NAIROBI, Kenya — In a significant move to overhaul its rapidly expanding betting industry, Kenya’s Betting Control and Licensing Board (BCLB) is proposing sweeping reforms that could soon require individuals registering for gambling accounts to submit a selfie holding their national ID. This measure is part of a broader strategic plan by regulators to enhance oversight and ensure stricter compliance within the sector.
Addressing the National Assembly’s Finance and Planning Committee, BCLB Director Peter Mbugi outlined a series of proposed changes aimed at tightening market entry and elevating compliance standards to reduce the proliferation of speculative operators.
Among the key proposals is a substantial increase in the minimum capital investment required for betting firms.
“For a small-scale betting shop (Muaka), we are proposing a minimum capital investment of Ksh 50 million. For public gaming operators such as casinos, the proposal is to raise the requirement to Ksh 5 billion,” stated Mbugi, indicating a clear intent to weed out unserious entrants.
The regulator is also proposing a capital requirement of Ksh 200 million for online betting platforms and national lottery operators, figures significantly higher than current financial thresholds.
These proposed reforms come amidst growing national concern over a surge in gambling addiction, particularly among the youth, a trend exacerbated by the sheer number of betting firms operating in the country.
In 2024 alone, the BCLB licensed over 236 companies, while an additional 106 gambling websites were flagged by the Board in conjunction with the Communications Authority of Kenya.
Mbugi emphasized that the new measures are designed to bring order to an industry that has long been plagued by weak oversight, opaque ownership structures, and lax technical standards.
Currently, the application fee for a betting license stands at a mere Ksh 10,000, with annual license fees ranging between Ksh 400,000 and Ksh 1 million depending on the operator’s size—figures lawmakers argue are far too low given the inherent risks associated with the sector.
Homa Bay Town MP Peter Kaluma voiced his support for the proposed increase in capital requirements, asserting that gambling should not be permitted to fuel moral decay.
“The concern is not just about revenue, but also the public good versus public harm.
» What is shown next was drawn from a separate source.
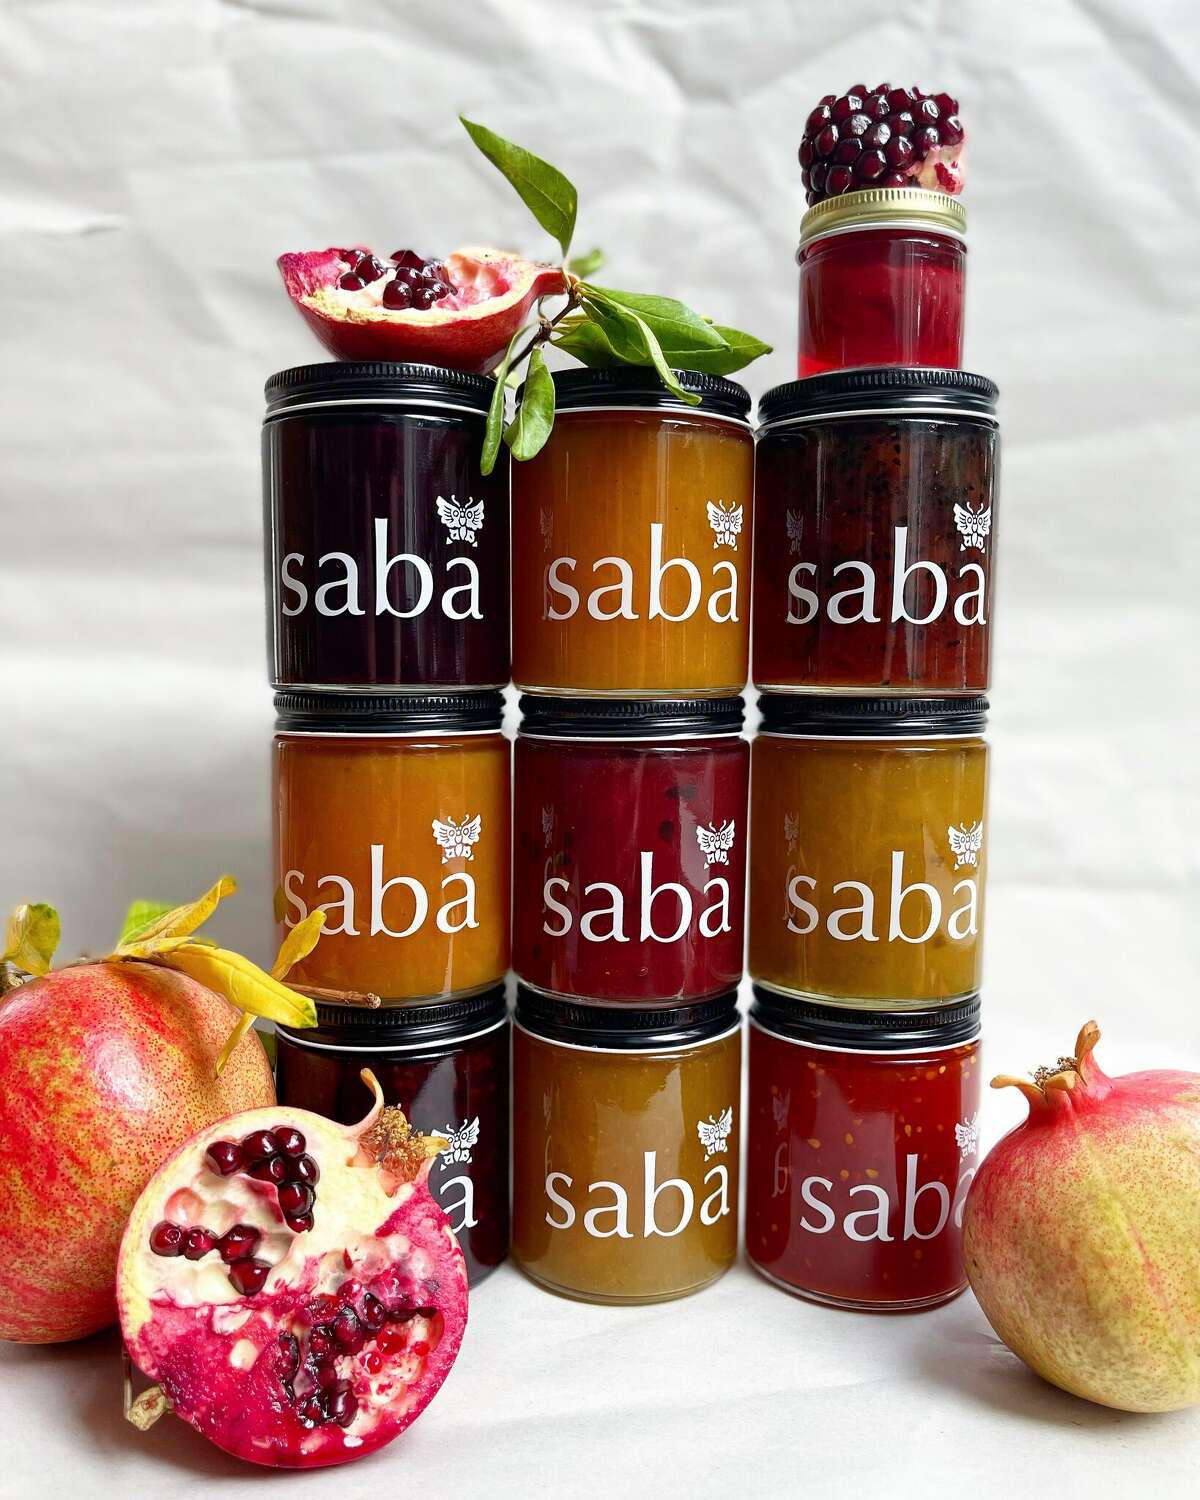 Este es el tercer año de sabā jam reconocida por la organización Good Food Awards por sus conservas en lotes pequeños.

We need to ensure that gambling is not contributing to societal decay,” Kaluma stated.
The committee also directed its scrutiny towards Aviator, a fast-rising game of chance that has rapidly gained popularity across online betting platforms.
Built on a multiplier model, the game allows punters to place a bet and watch a virtual plane or animated object ascend as odds increase, requiring players to cash out before the object “crashes.”
Mbugi explained that Aviator operates on complex algorithms and employs random number generators, ensuring that outcomes are independent and unpredictable.
“There is no known trick or formula to predict outcomes. We ensure the algorithms used in these games are vetted before authorization to confirm fairness,” he said.
While acknowledging the straightforward gameplay, Mbugi stressed the imperative to regulate both the game mechanics and associated advertising. He noted that, at present, no Aviator games are authorized to advertise on TV, radio, or in print without explicit approval from the Board.
To bolster oversight, the BCLB is actively seeking funding for a centralized Gaming Monitoring System. This system would enable real-time surveillance of all licensed betting operations nationwide, allowing for improved tracking of compliance, revenue generation, and player protection measures.
Also Read: Ban on celebrities and influencers in gambling ads a blow to creatives, says Awinja
New user verification protocols are also under consideration. One significant proposal would mandate new gamblers to upload a picture of themselves holding their national ID during the registration process. This measure aims to curb access by minors who might attempt to use their parents’ identification documents.
Lawmakers raised concerns about the broader social costs of unregulated gambling, including the severe impacts of addiction, financial destitution, and the alarming normalization of gambling among minors.
“Some of our frameworks are outdated and can no longer adequately address the evolving industry,” Mbugi stated, specifically highlighting the Betting, Lotteries and Gaming Act of 1966 as legislation in urgent need of overhaul.
The proposed Gambling Control Bill aims to enshrine these reforms into law, providing a robust legal foundation for enhanced oversight.
“The Board aspires to create a well-regulated gaming industry that protects the public, promotes responsible gambling, and drives investment and revenue growth,” Mbugi concluded.